Forming a health plan may allow a provider system to obtain a more competitive market presence and to retain money that otherwise would go to the insurance company. The RWJF report explains how hospitals and health systems that form a health plan can capture more revenue at a time when inpatient revenues are declining, given today’s emphasis on delivering care in the lowest-cost setting available. According to a guide by Valence Health (recently acquired by Evolent Health), PSHP’s may be well positioned to save money and offer lower premiums by eliminating some of the administrative costs that currently exist in insurance plans. c Moreover, provider systems may be better positioned to understand their community’s specific needs and may secure more trust from potential enrollees, who view their provider more favorably than their insurer. However, the goodwill consumers feel toward their providers could be short-lived and erode as the provider becomes the health plan.
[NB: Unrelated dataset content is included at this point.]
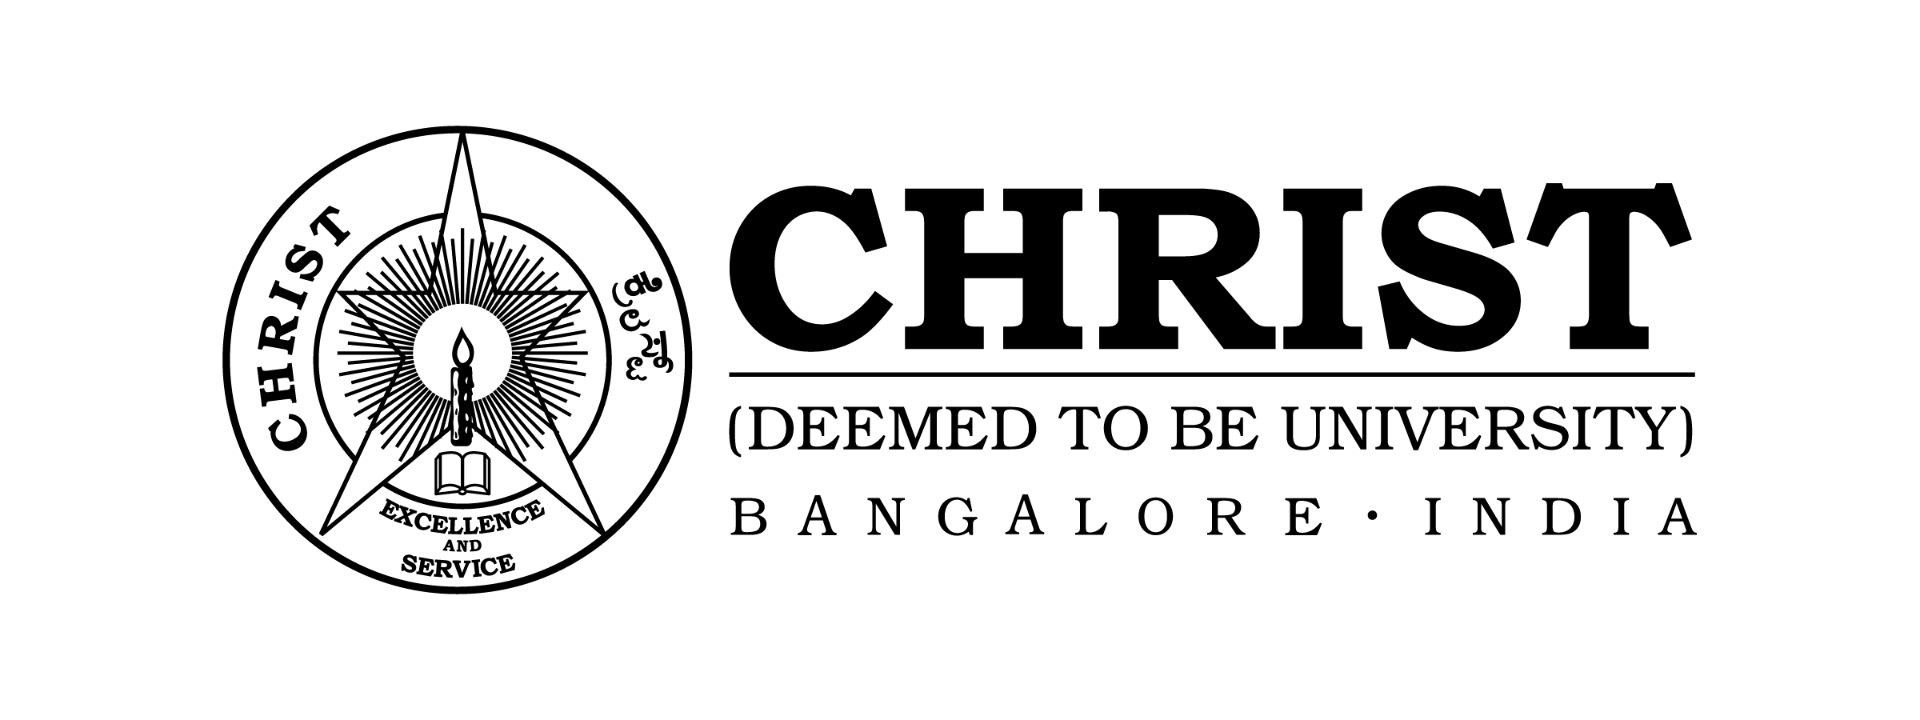 logo of CHRIST deemed to be university in bangalore india

The Valence Health/Evolent Health guide for provider systems considering starting an insurance plan suggests that they first conduct a thorough self and market evaluation to assess the provider network size, response from existing payers, consumer interest, regulatory environment, and financial and market position of the organization. A strong balance sheet, an executable implementation plan, and strong physician incentive alignment are essentials for providers considering a PSHP.
A Range of Options
Although some opportunities exist for hospitals or health systems interested in establishing a PSHP, the litany of considerations to forming an insurance plan suggest such an undertaking be approached with significant caution. Even health systems participating in ACOs and other value-based payment models often do not yet have sufficient experience with managing downside risk. Moreover, the financial and regulatory barriers to forming an insurance plan are high.
For those provider systems interested in a PSHP, pursuing a joint venture with an existing insurance plan—rather than building a health plan from scratch or buying a health plan—may present a viable option. d Another approach a hospital or health system should consider is simply to continue to gain experience with managing downside risk, thereby allowing more time to assess whether forming a PSHP is the right decision for the organization while also better positioning for success in the value-based payment environment.
Lia Winfield, PhD, is a senior analyst, Leavitt Partners, LLC, Salt Lake City.
Footnotes
a. Baumgarten, A., “Analysis of Integrated Delivery Systems and New Provider-Sponsored Health Plans,” Robert Wood Johnson Foundation, June 2017.
b. Keckley, P.H., “Provider-Sponsored Plans: Current Trends and Strategic Implications for Hospitals and Health Systems,” Futurescan: Healthcare Trends and Implications, 2018-2023, Society for Healthcare Strategy and Market Development of the American Hospital Association.
c. Valence Health, Models of Value-Based Reimbursement: A Valence Health Primer, 2013.
d. Baumgarten, A., and Hempstead, K., “New Provider-Sponsored Health Plan: Joint Ventures Are Now the Preferred Strategy,” Health Affairs Blog, February 23, 2018.